Total revenues. In 2020, total revenues were NIS 3,189 million (US\$ 992 million), a decrease of 1% from NIS 3,234 million in 2019.
Revenues from services. Service revenues in 2020 totaled NIS 2,508 million (US\$ 780 million), a decrease of 2% from NIS 2,560 million in 2019.
Revenues from equipment. Equipment revenues in 2020 totaled NIS 681 million (US\$ 212 million), an increase of 1% from NIS 674 million in 2019, principally reflecting significant increases in sales of cellular equipment to wholesale customers and of fixed-line equipment for both business and private customers. These increases in sales were partially offset by lower volumes of retail sales of cellular equipment following the closure of some sales points during certain COVID-19-related lockdown periods during the year.

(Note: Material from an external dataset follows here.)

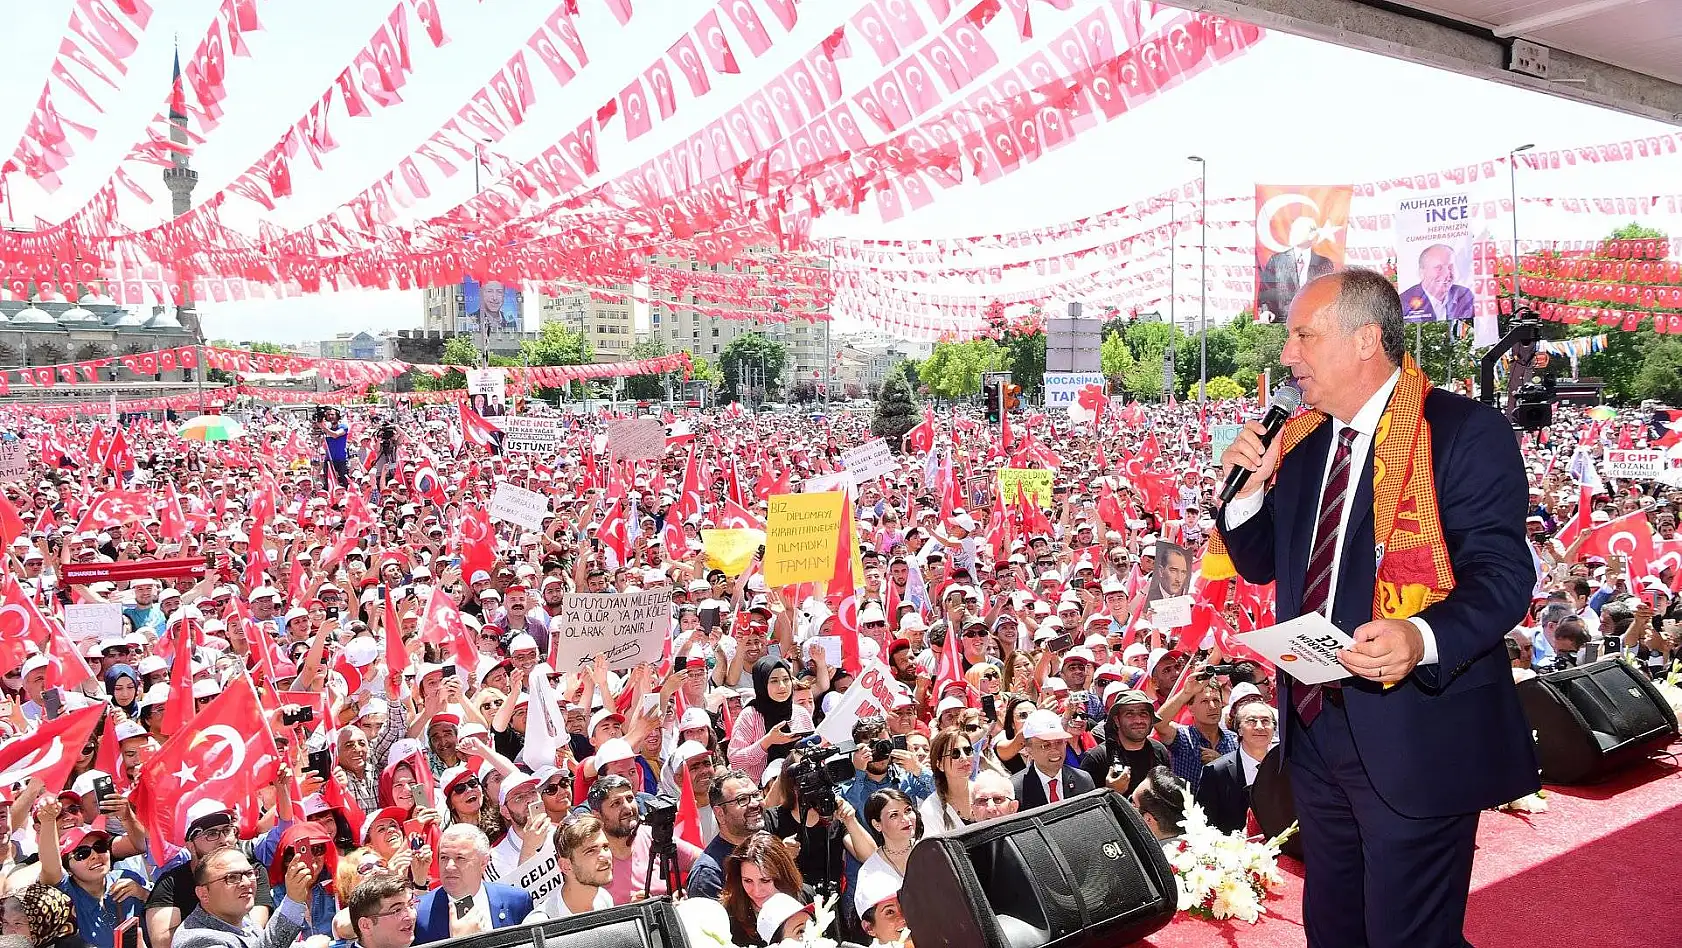 İnce: Erdoğan, ben sana bakamam çünkü devlet sana bakıyor, ben fakir fukaraya bakacağım

Gross profit from service revenues. The gross profit from service revenues in 2020 was NIS 380 million (US\$ 118 million), compared with NIS 383 million in 2019, a decrease of 1%. This decrease largely reflected the negative impact of the COVID-19 on revenues from roaming services, which was partially offset by the positive contribution from the growth in internet and TV services. In addition, the decrease in revenues was partially offset by a decrease in depreciation and amortization expenses, the cost-cutting measures taken to mitigate the impact of the COVID-19 crisis, and the receipt in 2020 of a governmentmandated refund from Bezeq of approximately NIS 20 million of payments for access to the wholesale internet infrastructure in previous years. See also note 22 to our consolidated financial statements.
Gross profit from equipment sales. Gross profit from equipment sales in 2020 was NIS 145 million (US\$ 45 million), compared with NIS 144 million in 2019, an increase of 1%. The increase mainly reflected an increase in gross profit from sales of fixed-line equipment, partially offset by a decrease in gross profit from sales of cellular equipment.
Selling, marketing, general and administrative expenses and credit losses. Selling, marketing, general and administrative expenses and credit losses totaled NIS 459 million (US\$ 142 million) in 2020, a decrease of 2% compared with NIS 468 million in 2019. This decrease mainly reflected the cost-cutting measures on workforce expenses, whose effect was partially offset by an increase in amortization expenses related to the costs of obtaining contracts with customers under IFRS 15 and an immaterial increase in credit losses reflecting an increase in the provision for expected credit losses as a result of the COVID-19 crisis.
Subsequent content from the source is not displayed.